Mark Twain, The Adventure's of Huckleberry Finn (racism; questionable characters); Bret Easton Ellis, American Psycho (descriptions of violence against women and minorities); William Powell, The Anarchist Cookbook (instructions for manufacturing explosives; telephone hacking devices); Judy Blume, Are You There, God? It's Me, Margaret (inappropriate discussion of menstruation and breast development); Sylvia Plath, The Bell Jar (explicit sexual material; condones obscenity); Rudolfo A. Anaya, Bless Me, Ultima (profanity and pagan content); Stephen King, Carrie (schoolchildren bullying; grisly deaths; sexual references; bad language); Karl Marx and Friedrich Engels, The Communist Manifesto (questionable politics; subversion); Charles Darwin, The Descent of Man (advocating Evolution); Nicholas Saunders, E for Ecstasy (depicting recreational drug use; ways to obtain illegal drugs); Sinclair Lewis, Elmer Gantry (depictions of religion and sex); John Steinbeck, The Grapes of Wrath (language; depictions of migrant life; socialist propaganda); Ray Bradbury, Fahrenheit 451 (Copies used in school literature classes were edited to omit the words "hell," "damn," and "abortion," which is ironic because the central theme is censorship.)
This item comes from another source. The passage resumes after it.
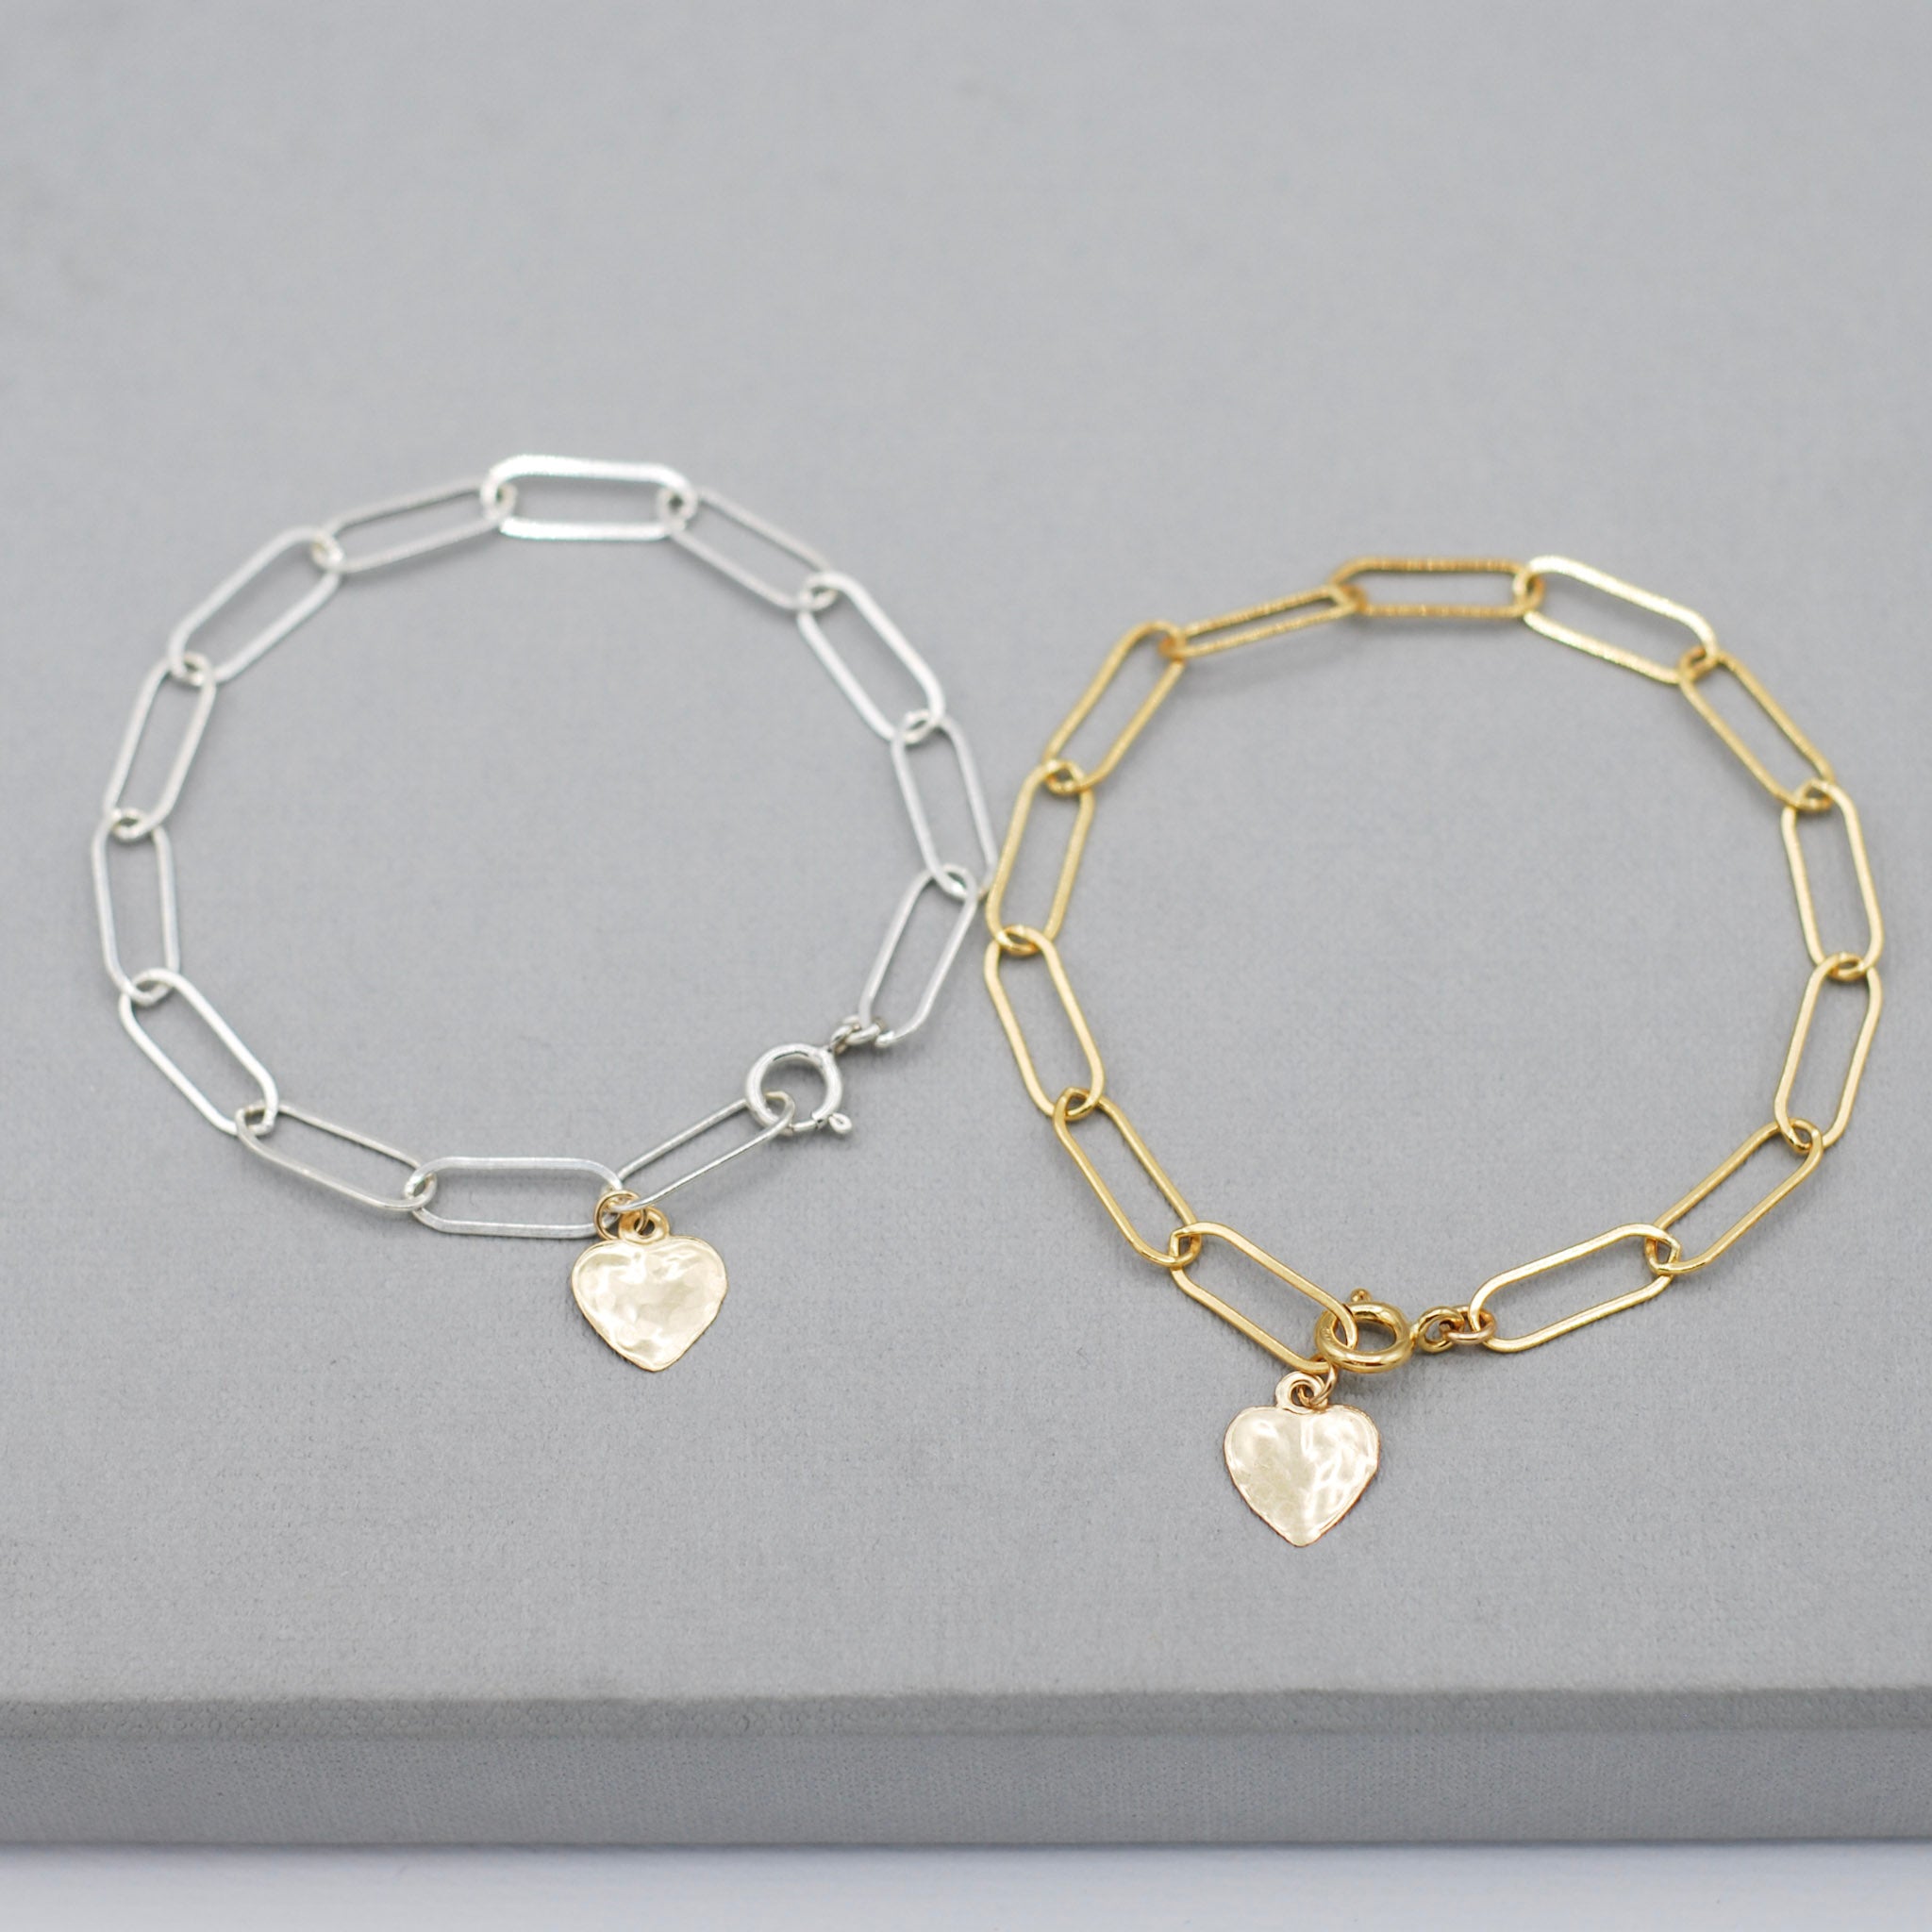 Sterling Silver Paper Clip Heart Charm Bracelet - Jewel Ya

Just a few years ago in Florida, the 1961 children's book, James and the Giant Peach, was banned when parents took issue with Grasshopper's statement, "I'd rather be fried alive and eaten by a Mexican!" And who can forget the uproar this past summer that led to Wal-Mart yanking off its shelves the hugely popular Mexican comic book, Memin Pinguin, featuring a poor Afro-Mexican some U.S. citizens found offensive.

Books can be ennobling, which is why we abhor censorship and book banning and fight the good fight to protect our freedom of speech. Yet it's foolish to pretend that books are innocuous, that we don't need to concern ourselves with what they say. If that's the case, then it doesn't really matter if we ban them, because we have already stripped them of their power.